Obesity alters the pharmacokinetics of most drugs. Also, obese patients exhibit altered responses to some medications, for example, an increased sensitivity to the respiratory depressant effects of benzodiazepines and other sedatives. Drug-dosing regimens for obese patients based on ideal body weight (IBW) will lead to underdosing. Alternatively, dosing on total body weight (TBW) will generally lead to overdosing, or a prolonged therapeutic effect.¹³ Dosing based on lean body mass (LBM) has been proposed to be a good approximation to reach adequate drug levels, but in the MO patient may lead to underdosing.¹⁴ Lean body mass (LBM) is the total body mass minus the mass of fat; it is approximately the IBW plus 20 to 40% of the excess body weight. It can be determined by different methods and equations based on TBW and height. Dosing on LBM can be a starting point, followed by titration to desired pharmacologic effects, taking into account repeated doses can lead to prolonged effects. Shafer^14a proposes the following technique to simplify calculation and still mostly account for the pharmacokinetic differences in obese patients: for BMI <35, use IBW plus 40% of the TBW–IBW difference, for BMI between 35 and 45, use IBW plus 30% of the TBW–IBW difference, and for BMI >45, use IBW plus 20% of the TBW–IBW difference. Note that these are generalizations.

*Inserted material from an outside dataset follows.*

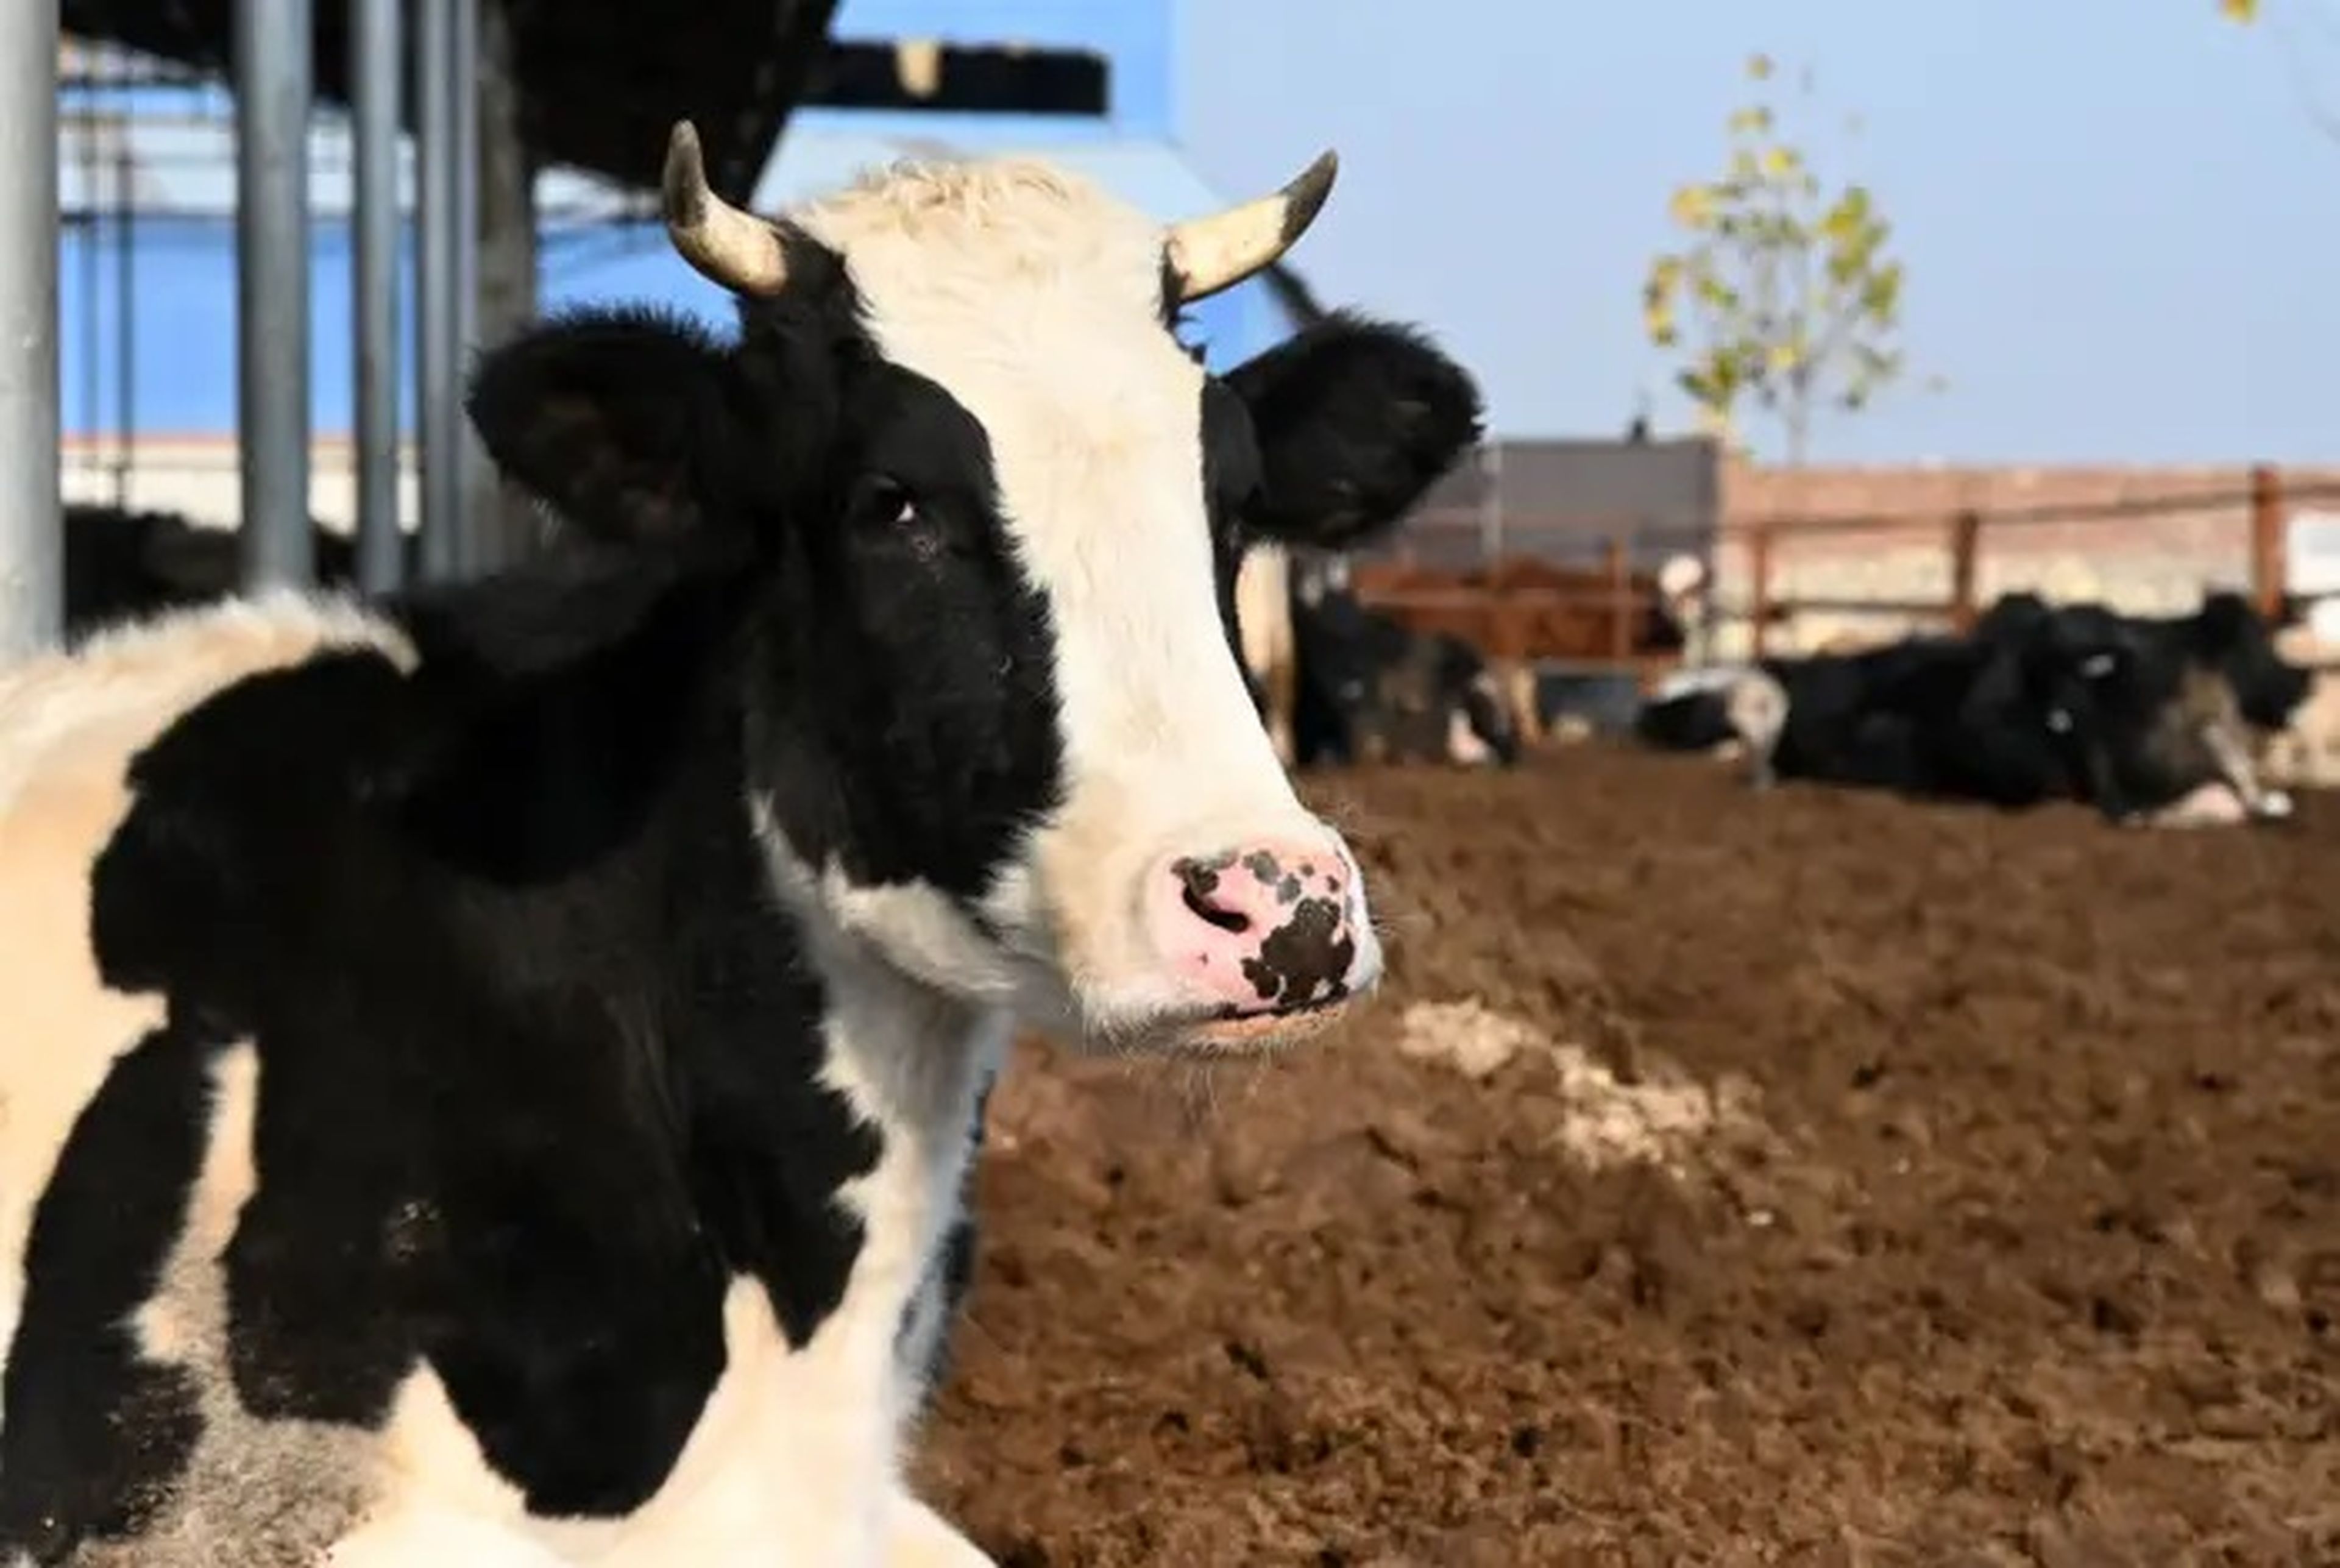 Los isótopos radiactivos pueden filtrarse en la leche de vaca.

Soluble inhalational agents accumulate in adipose tissue and take longer to clear, resulting in more prolonged emergence as compared with less-soluble agents.

POSITIONING

Positioning the obese patient can prove to be a challenge for the operating room team. Ulnar neuropathy, although also reported in nonsurgical inpatients, is the most frequently reported perioperative positioning complication and with higher frequency in the obese population.¹⁵ The American Society of Anesthesiologists' Taskforce on Prevention of Perioperative Peripheral Neuropathies includes specific recommendations to curtail the risk of perioperative ulnar neuropathy.¹⁶ The Taskforce recommends padding and avoidance of flexion at the elbow, and a neutral or supinated position. However, such precautions have not been clearly shown to reduce the incidence of neuropathy, as it still occurs even with supination and appropriate padding. Neuropathy of other nerves has also been reported. Chronic micronutrient deficiencies seem to also contribute to this problem. Careful and appropriate positioning of all body areas must be repeatedly reevaluated by the vigilant anesthesiologist, as changes in operating table position, members of the surgical team leaning against the patient, and spontaneous movement of the patient may lead to undesirable positioning outcomes.

PAIN MANAGEMENT

Effective postoperative pain control should be mandatory in any surgical process. Achieving adequate pain control in the obese patient can be challenging. Opioids are the mainstay of analgesic therapy for postoperative pain control; however, they are associated with sedation and respiratory depression, which coupled with the obese patient's risks of OSA, sensitization to the depressant effects of opioids, and dosing challenges, lead frequently to undertreatment of pain. The most effective regimens for pain control involve multimodal techniques. For an open procedure, epidural analgesia supplemented by nonsteroidal antiinflammatory drugs (NSAIDs) and acetaminophen provides effective pain control without the side effects of opioids. Local anesthetics continuously delivered by catheters in the wound site with adjuvant nonopioids can effectively provide adequate analgesia while minimizing the use of opioids.¹⁷ Intravenous patient-controlled analgesia of opioids in a monitored setting as part of a multimodal approach allows more even blood levels and better control of pain, and it can provide effective pain management both for open procedures and laparoscopic approaches.

LAPAROSCOPY

The deleterious physiologic effects of capnopneumoperitoneum are mainly related to abdominal insufflation and the effects of absorbed carbon dioxide. Data for obese patients are limited, and come primarily from populations undergoing laparoscopic gastric banding. Laparoscopic surgical procedures in the obese patient are frequently technically more difficult, thus exposing these patients to prolonged physiologic disturbances.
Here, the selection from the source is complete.